Bankman-Fried himself perpetuated some of the worst examples, according to the memo, such as leaking Ellison’s private writings, containing her most “personal and raw” feelings, to The New York Times in an effort to humiliate her. Ellison’s “physical appearance was scrutinized and criticized, and she was mocked in memes and other content on social media,” the memo goes on. It says her therapist divulged personal information to author Michael Lewis, who included it in his 2023 bestseller about FTX, Going Infinite.
When Ellison testified in court, Bankman-Fried “laughed, visibly shook his head, and scoffed” at her, according to the sentencing memo, which says “[n]umerous films and TV shows are in production about the downfall of FTX, which will only perpetuate the public scrutiny Ellison has faced to date.”
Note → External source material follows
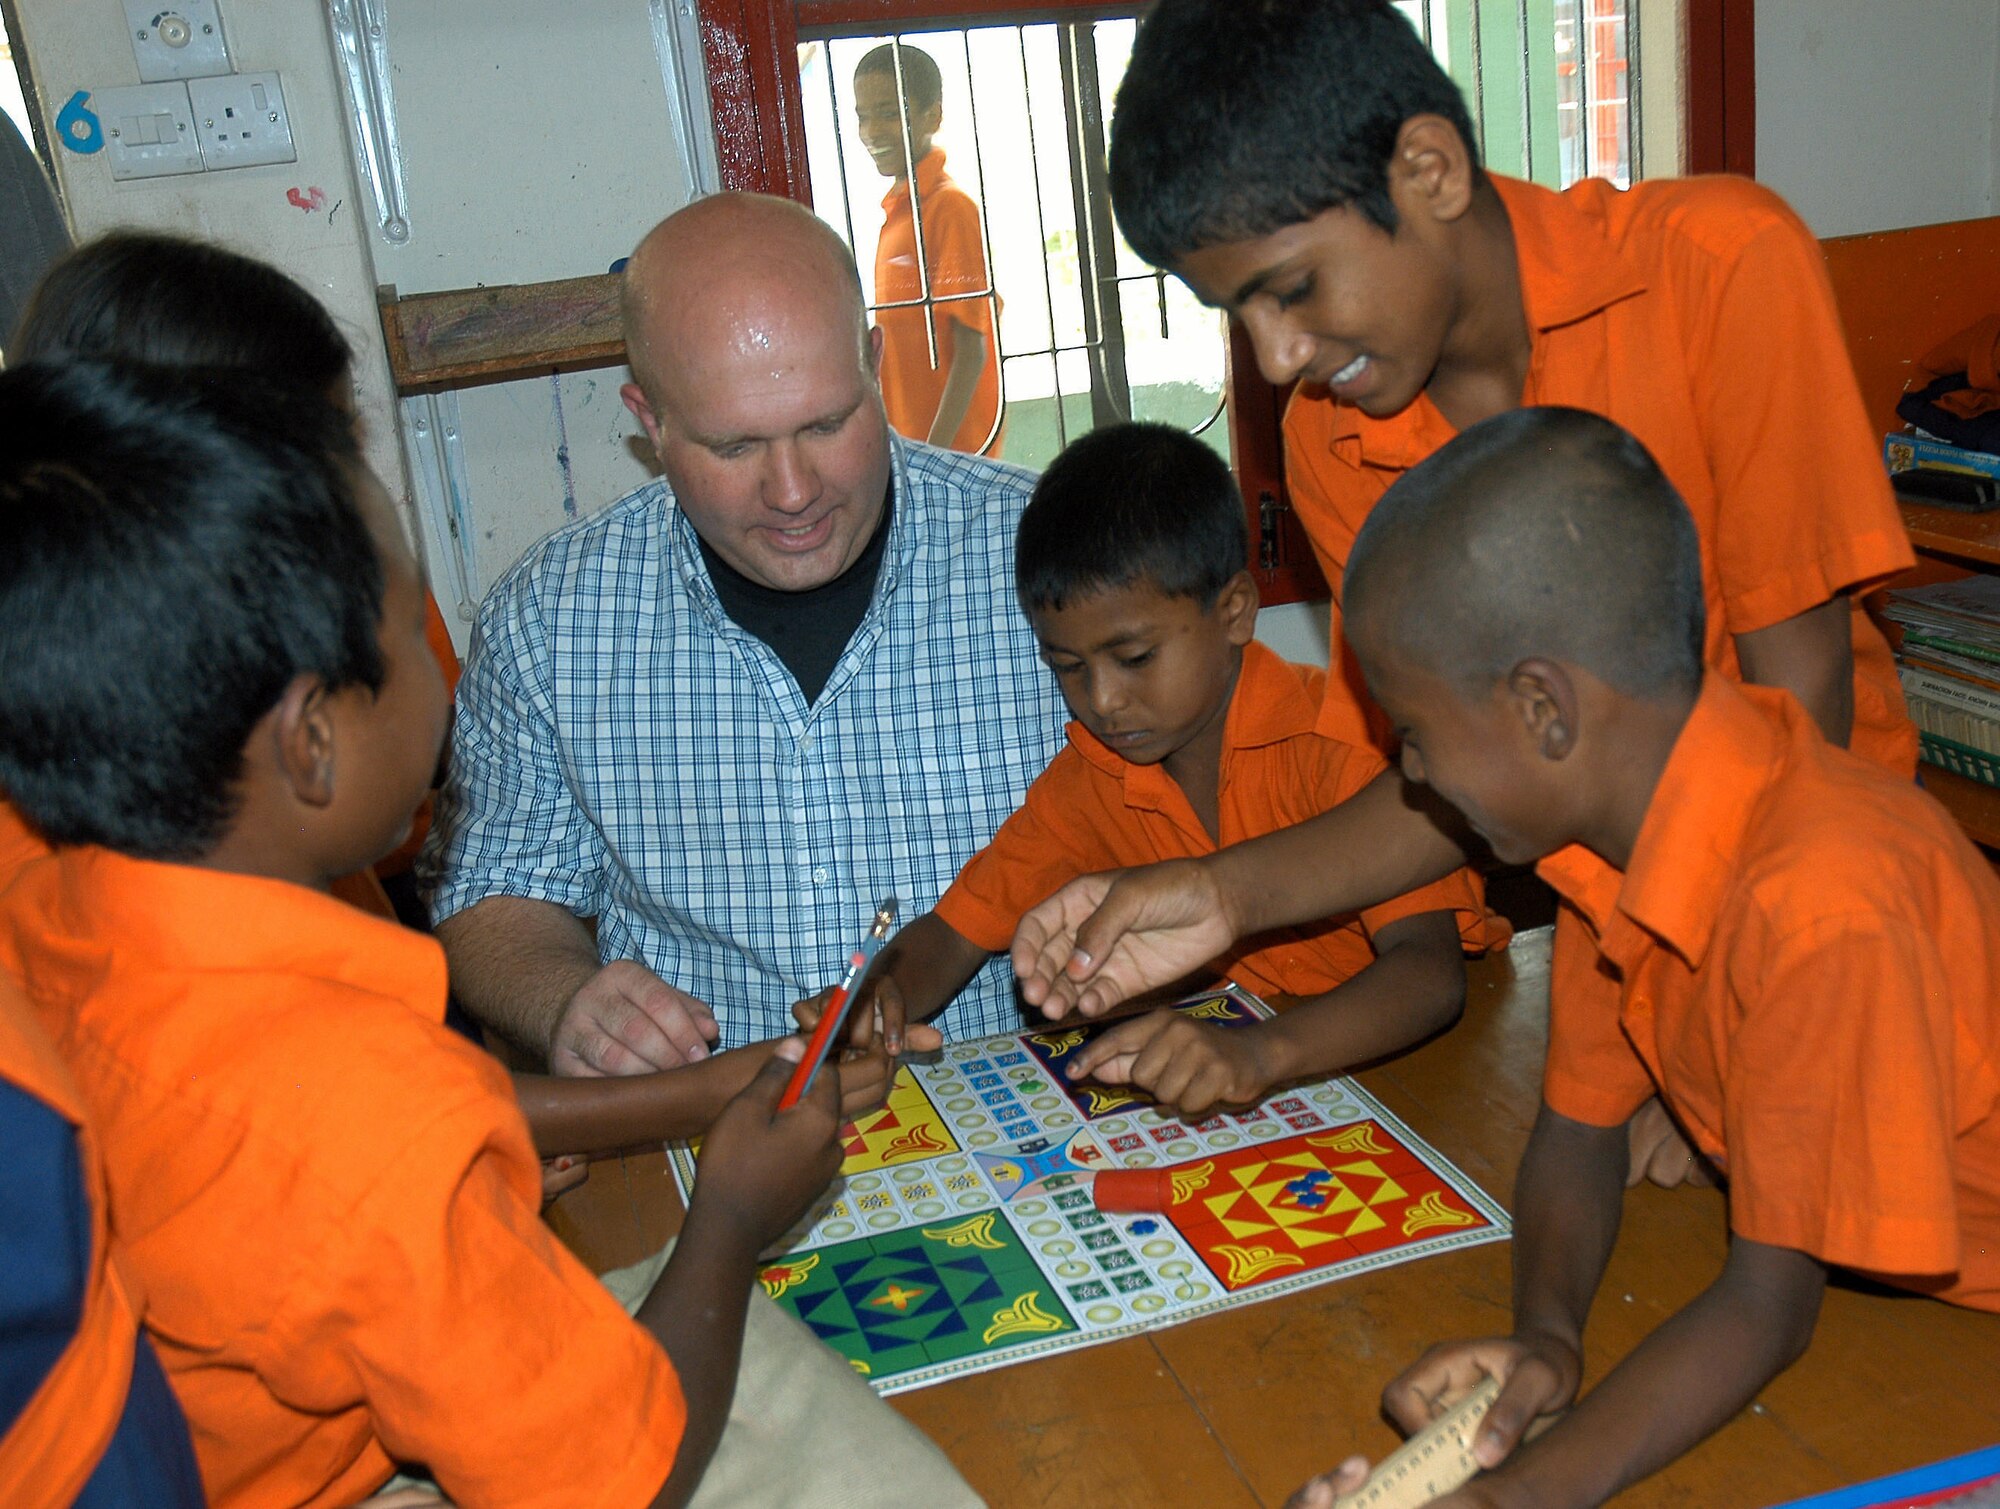 Capt. Darin Wheeler plays a game with fifth graders from Eglal's ABC School April 27 in Dhaka, Bangladesh. Captain Wheeler and members of the 353rd Special Operations Group are in Bangladesh for joint combined exercise training with the Bangladesh air force. (U.S. Air Force photo/Master Sgt. Marilyn Holliday)

Since her very public fall from grace, Ellison, who dated Bankman-Fried on and off for two years, has also “drawn comfort from a new partner,” according to a 182-page sentencing memo filed September 10 by the defense. The memo cites a friend who describes Ellison’s unidentified beau as “a vast improvement” over Bankman-Fried, calling him “honest,” “intelligent,” and “empathetic.”
The thick package submitted by Ellison’s attorneys asked for zero jail time, and highlighted the probation-only sentencing recommendation from Probation and Pretrial Services. It featured letters from friends, family, and former classmates and colleagues, including one from Nobel Prize-winning economist Esther Duflo, and many played up Ellison’s deep belief in “effective altruism.” Ellison, who has been “rendered effectively unemployable in the near term” because of the FTX case, has been tutoring detainees and doing other good deeds while out on bond, defense lawyers wrote.
Co-defendant Ryan Salame, who ran a FTX subsidiary in the Bahamas, pleaded guilty last September and is now serving a 7.5-year prison sentence. Former FTX director of engineering Nishad Singh and former chief technology officer Gary Wang have also pleaded guilty and will be sentenced in October and November, respectively.
Bankman-Fried has appealed his sentence, claiming the judge overseeing the trialwas unfairly biased against him.